(Records supplied begins)
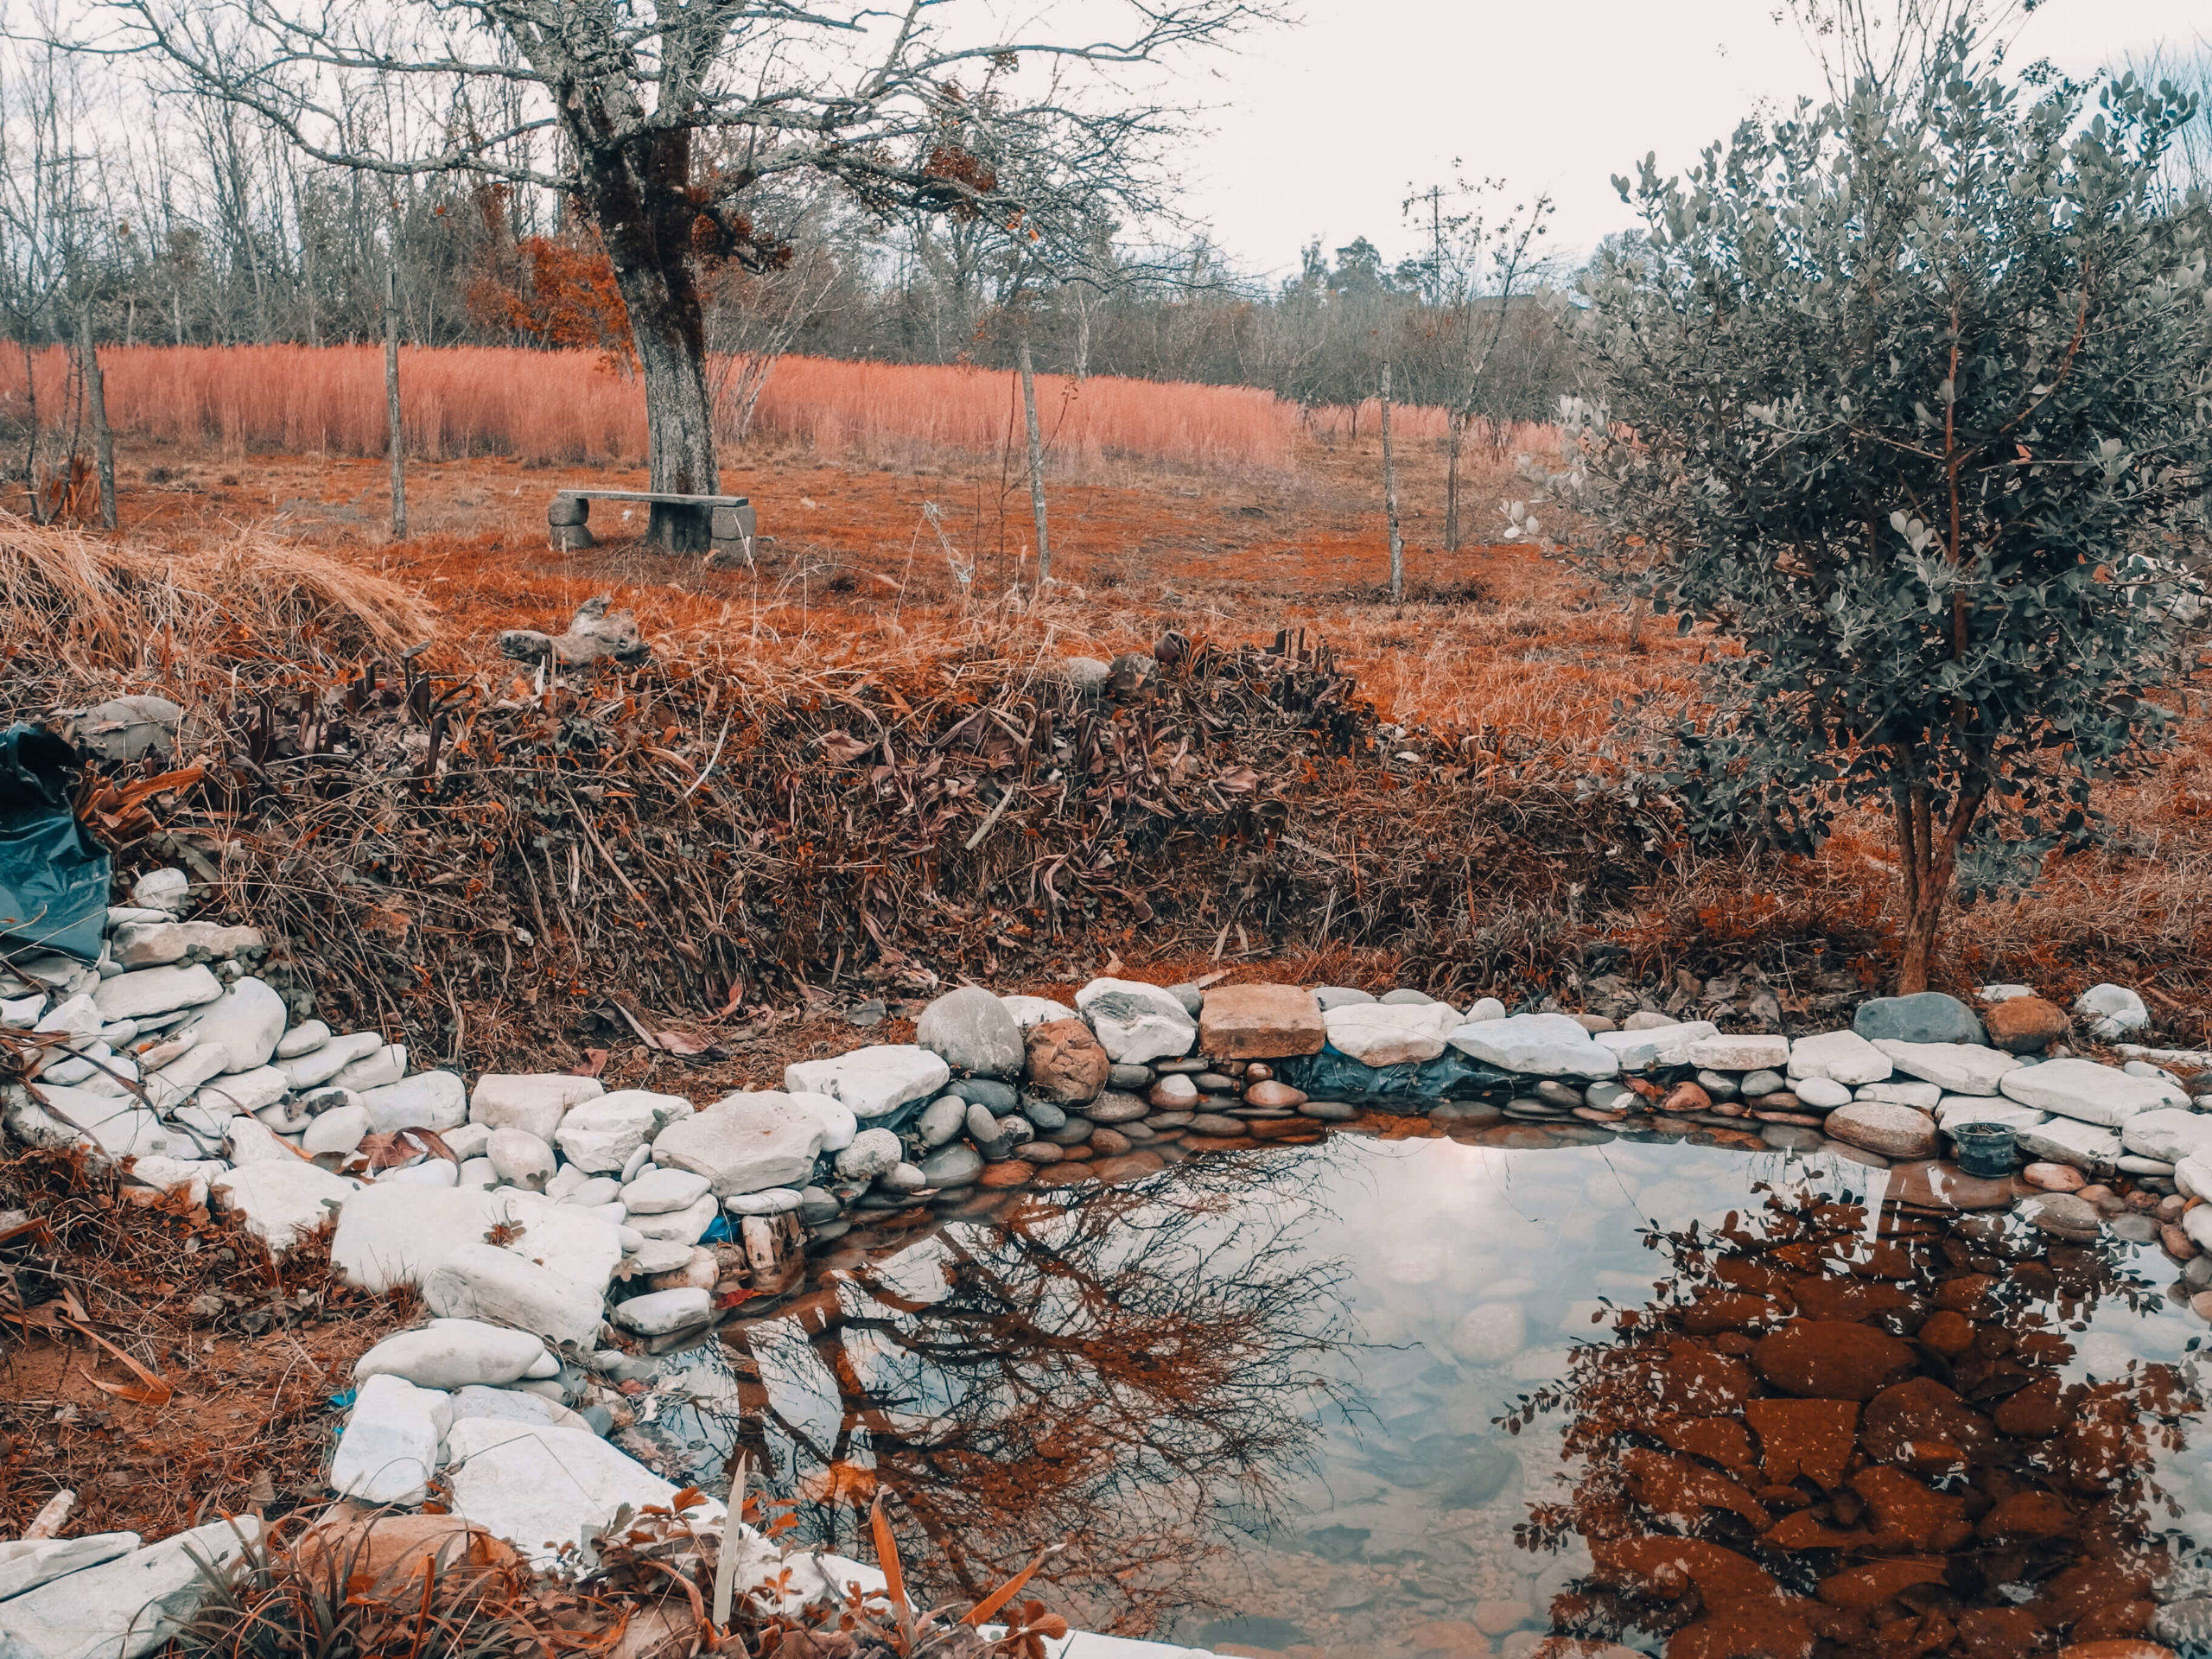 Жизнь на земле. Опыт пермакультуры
(Records supplied ends)
(Records supplied begins)
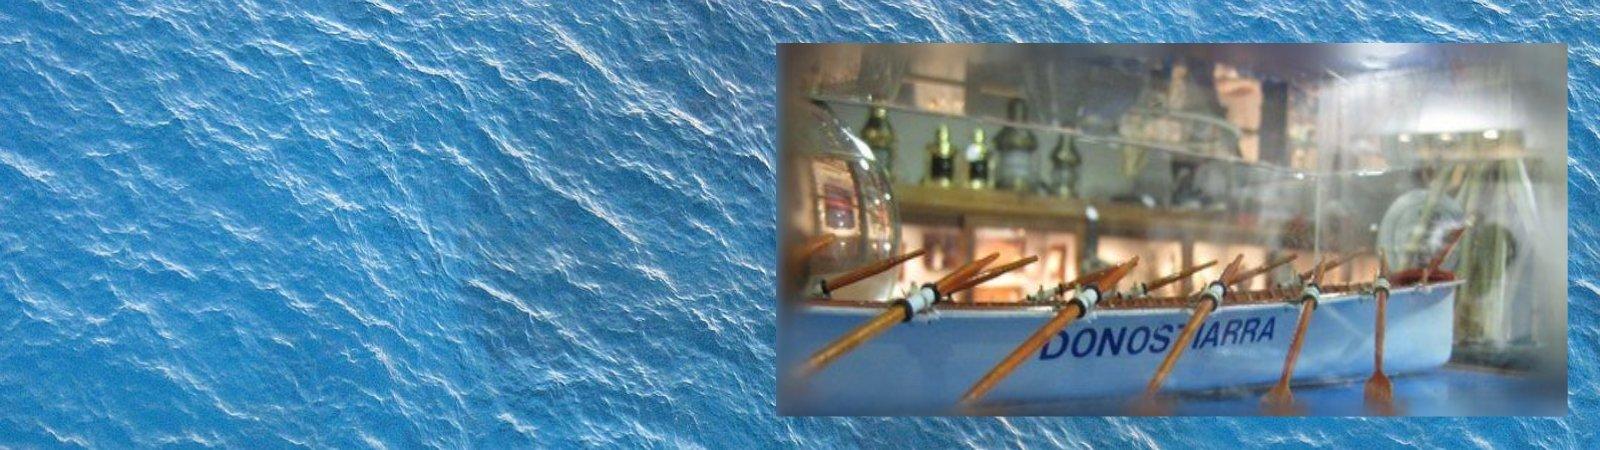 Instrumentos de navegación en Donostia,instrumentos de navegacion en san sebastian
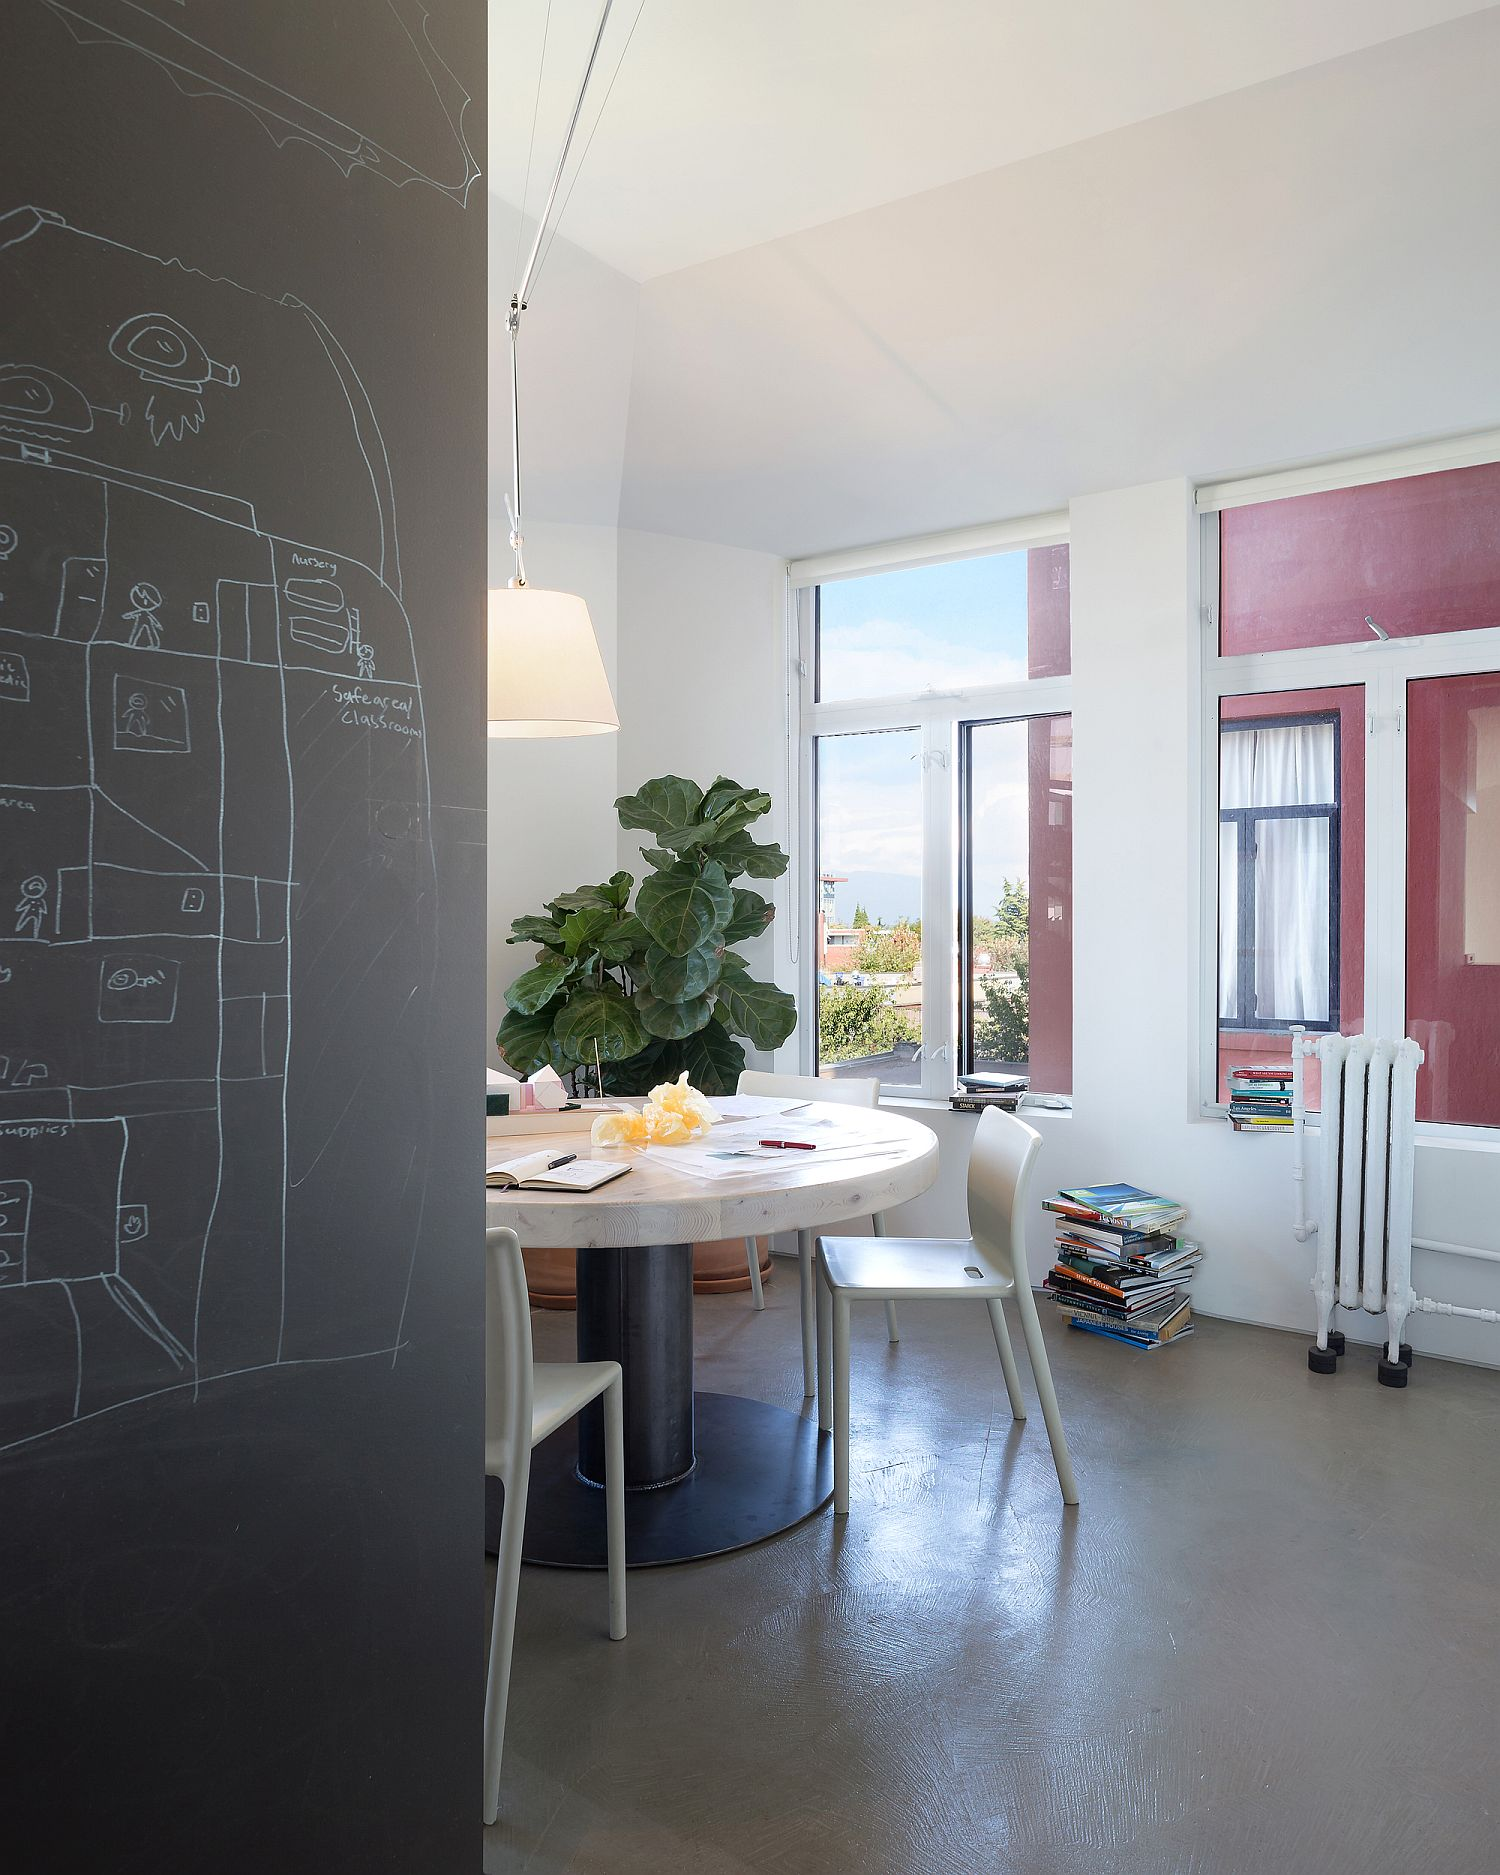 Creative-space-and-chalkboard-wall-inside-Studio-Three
(Records supplied ends)
(Records supplied begins)
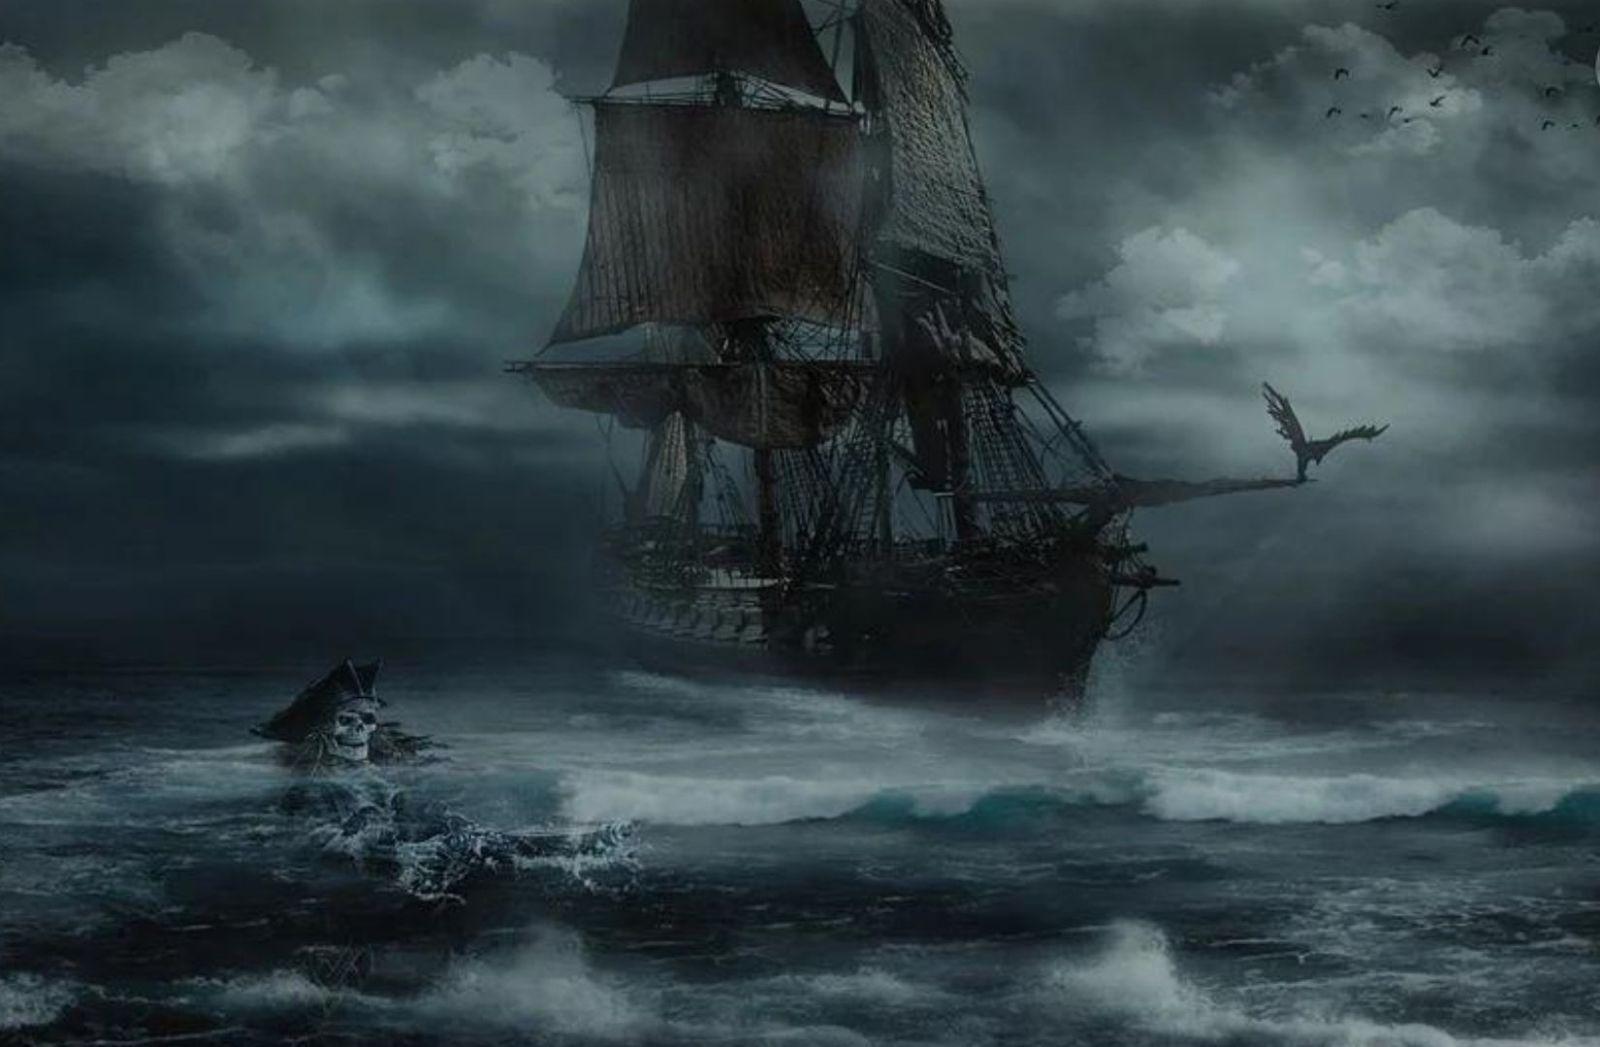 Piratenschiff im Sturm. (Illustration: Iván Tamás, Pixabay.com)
(Records supplied ends)
| Task to carry out |
Please output the lines above beginning at the line with "Instrumentos de navegación" and ending after the line with "Creative-space-and-chalkboard-wall-inside-Studio-Three", precisely as written and with no pictures.

| Exercise solution |
 Instrumentos de navegación en Donostia,instrumentos de navegacion en san sebastian
 Creative-space-and-chalkboard-wall-inside-Studio-Three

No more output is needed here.